Optimal Stability of KL Divergence under Gaussian Perturbations

arXiv cs.LG / 4/14/2026

💬 OpinionSignals & Early TrendsIdeas & Deep AnalysisModels & Research

Key Points

  • 研究は、KLダイバージェンスがガウス分布への摂動(ガウス族間の置換)に対してどれだけ安定かを、ガウス族以外の分布も含めて定式化・評価する。
  • 分布Pが有限の2次モーメントを持ち、KL(P||N1)が大きく、かつKL(N1||N2)が高々εのとき、KL(P||N2) は KL(P||N1) から O(√ε) だけしか減らない下界を示す。
  • この √ε の収束率は一般に最適であり、さらにガウス族内部でも同等の最良性が成り立つことを証明している。
  • 既存研究が「関係する分布がすべてガウス」という強い仮定に依存していた点を外し、KLの非対称性や一般空間での三角不等式不在といった難しさを克服した。
  • 応用として、flow-based generative models を用いた OOD 検出における KL ベース解析の理論的基盤を与え、従来の強いガウス仮定を緩和する。

Abstract

We study the problem of characterizing the stability of Kullback-Leibler (KL) divergence under Gaussian perturbations beyond Gaussian families. Existing relaxed triangle inequalities for KL divergence critically rely on the assumption that all involved distributions are Gaussian, which limits their applicability in modern applications such as out-of-distribution (OOD) detection with flow-based generative models.

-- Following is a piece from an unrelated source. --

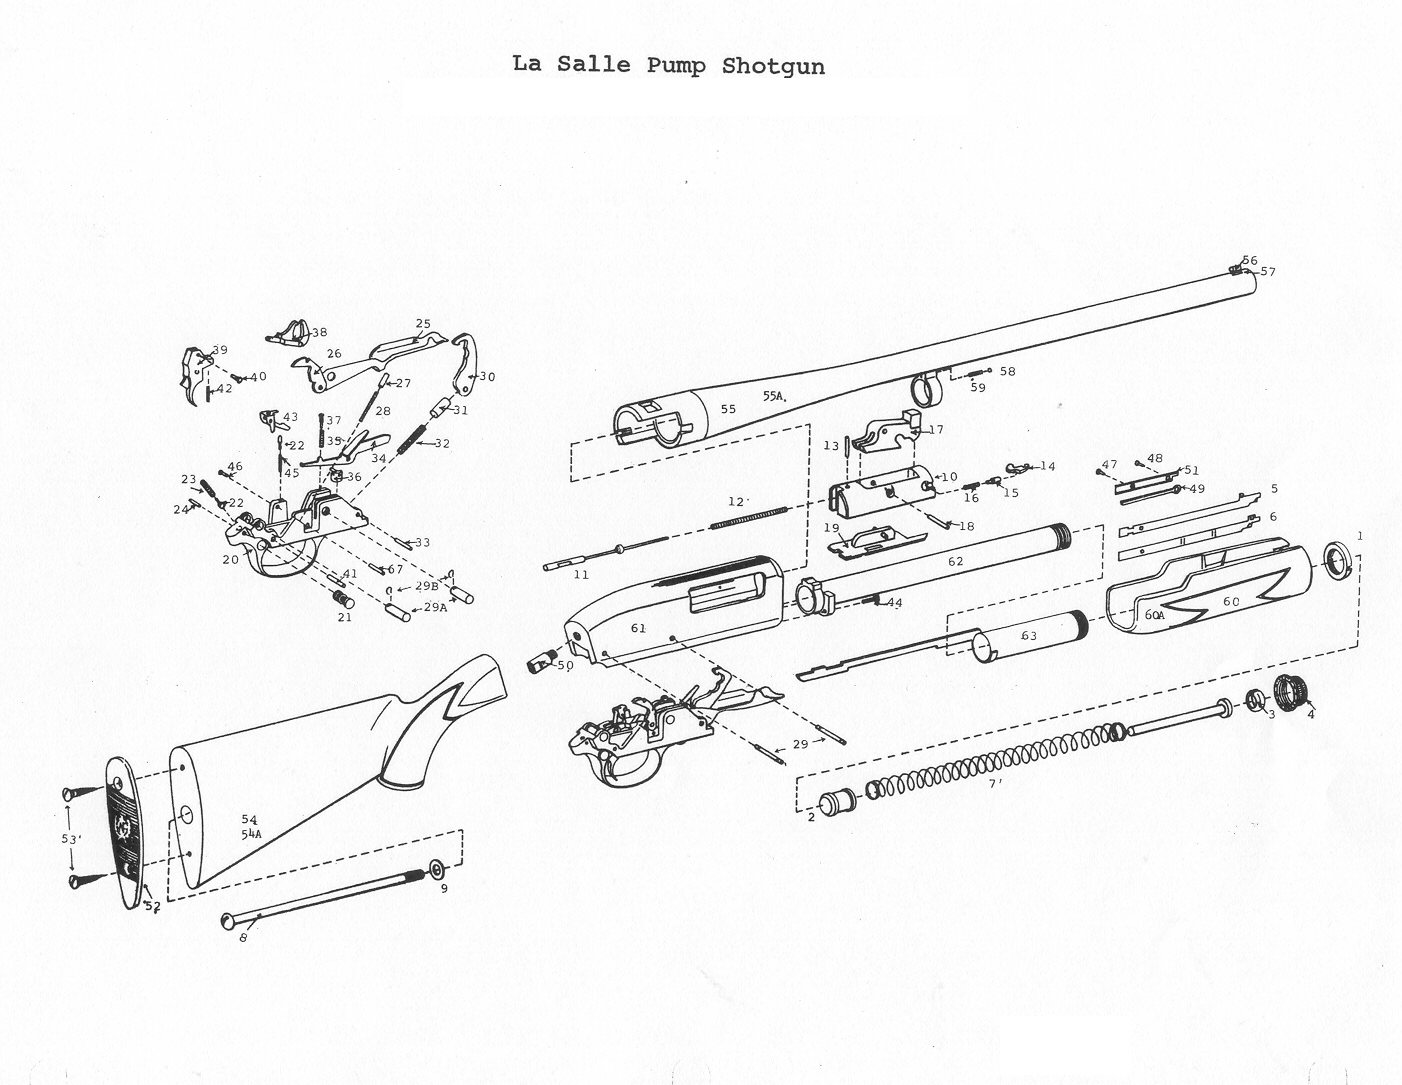 Parts Of A Pump Shotgun

In this paper, we remove this restriction by establishing a sharp stability bound between an arbitrary distribution and Gaussian families under mild moment conditions. Specifically, let P be a distribution with finite second moment, and let \mathcal{N}_1 and \mathcal{N}_2 be multivariate Gaussian distributions. We show that if KL(P||\mathcal{N}_1) is large and KL(\mathcal{N}_1||\mathcal{N}_2) is at most \epsilon, then KL(P||\mathcal{N}_2) \ge KL(P||\mathcal{N}_1) - O(\sqrt{\epsilon}). Moreover, we prove that this \sqrt{\epsilon} rate is optimal in general, even within the Gaussian family. This result reveals an intrinsic stability property of KL divergence under Gaussian perturbations, extending classical Gaussian-only relaxed triangle inequalities to general distributions. The result is non-trivial due to the asymmetry of KL divergence and the absence of a triangle inequality in general probability spaces. As an application, we provide a rigorous foundation for KL-based OOD analysis in flow-based models, removing strong Gaussian assumptions used in prior work. More broadly, our result enables KL-based reasoning in non-Gaussian settings arising in deep learning and reinforcement learning.